As we’ve noted in prior articles, while inpatient rehabilitation facilities (IRFs) have had some relief from Recovery Auditors (RACs), inpatient rehabilitation claims are still under scrutiny from a wide range of auditors, including Medicare Administrative Contractors (MACs), Comprehensive Error Rate Testing (CERT) contractors, Zone Program Integrity Contractors (ZPICs), and Supplemental Medical Review Contractors (SMRCs). And what’s even more disconcerting is that the results of these audits do not seem to be showing much improvement over time.

While there has been some minimal easing on denials related to small variations in timeframes as they pertain to some of the required elements, there continues to be a lot of focus on both the technical requirements and on documentation that supports treatment as “reasonable and necessary” in an IRF.

What Are the Current Issues Noted by the MACs?

Noridian recently announced a service-specific targeted review for claims billed on or after Oct. 7, 2014. This review is based on a recent probe review of 100 claims filed between May 15 and Sept. 5; 70 out of the 100 claims reviewed were denied based on a variety of reasons (many of them due to the technical requirements of the preadmission assessment, post-admission physician evaluation, individualized plan of care, physician supervision, and intensity of therapy services.

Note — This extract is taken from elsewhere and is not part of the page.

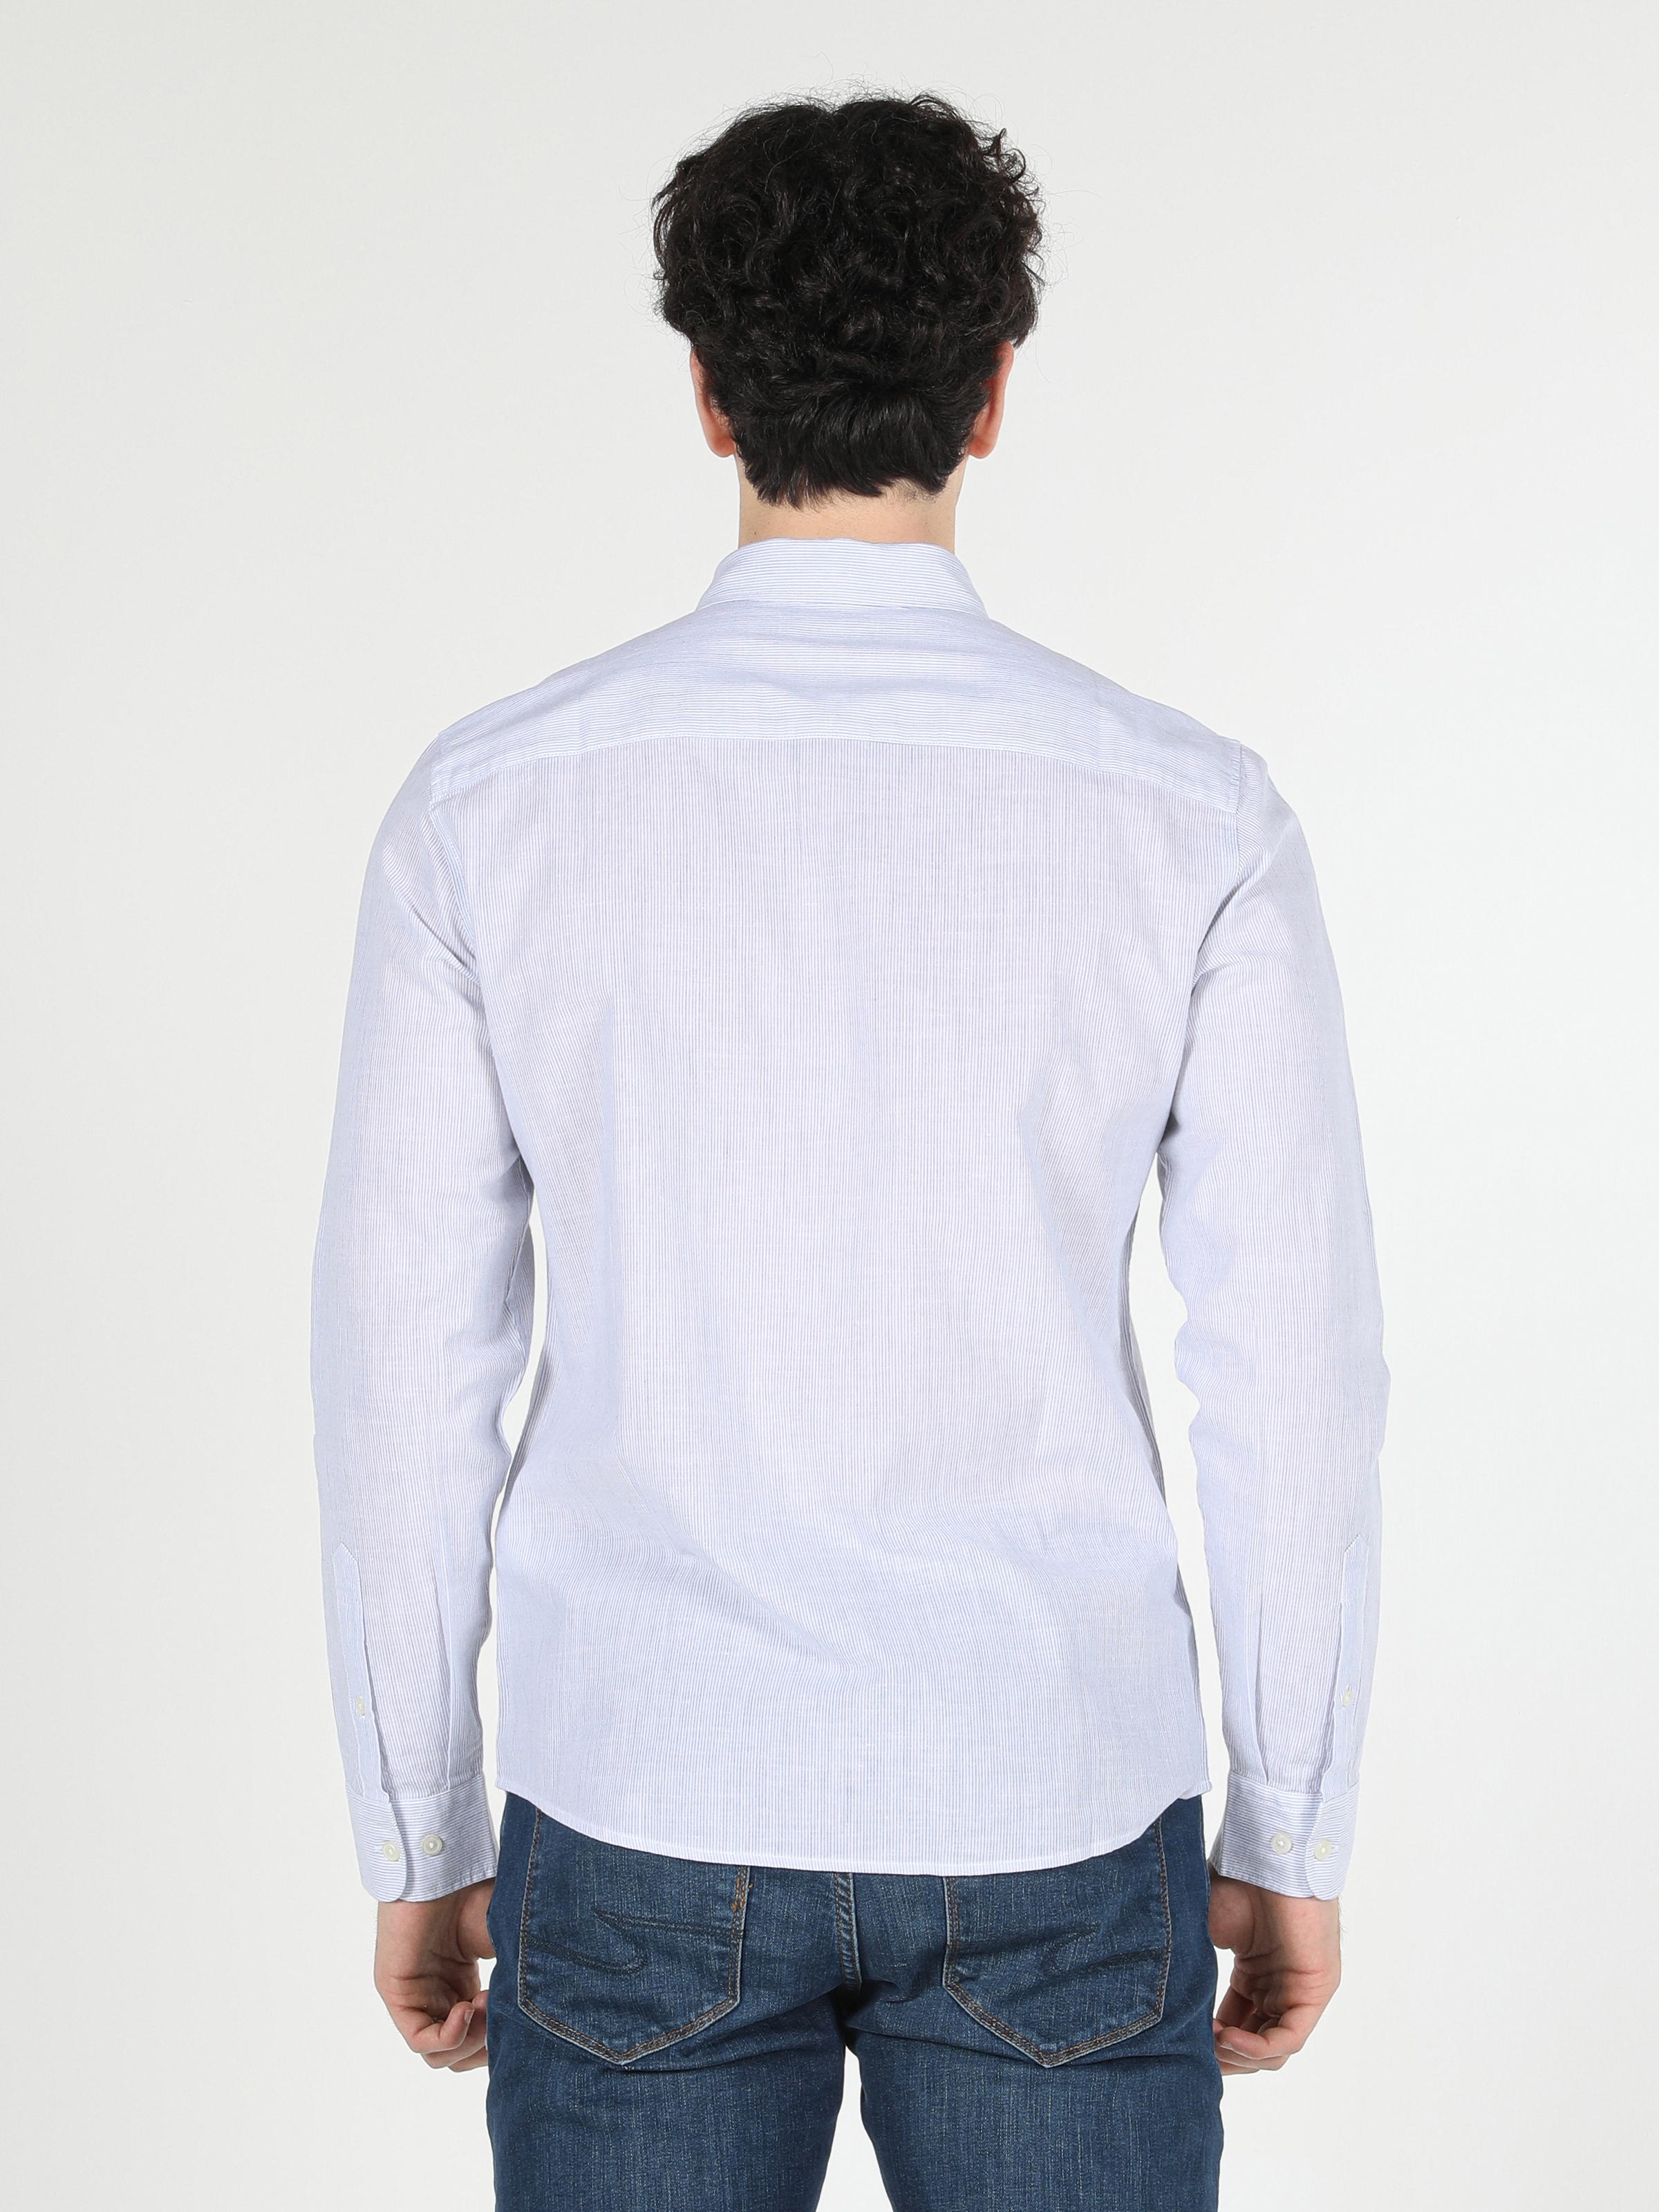 Afficher les détails de Chemise Bleue À Manches Longues Pour Hommes, Coupe Slim

Due to the high error rate, Noridian now is moving forward with the announced targeted review.

Earlier this year, Noridian completed a similar probe review in Nevada with an overall 75-percent error rate; this resulted in a targeted review there as well.

Cahaba Government Administrators continues to conduct ongoing prepayment reviews in Alabama, Georgia, and Tennessee. Claims being reviewed involve those filed for lower extremity joint replacements, lower extremity fractures, and debility for cases in which there are no tier-level comorbidities reported (Tier A CMGs). These issues are posted through November 2014 and are likely to continue based on the results of those reviews, which show very high error rates.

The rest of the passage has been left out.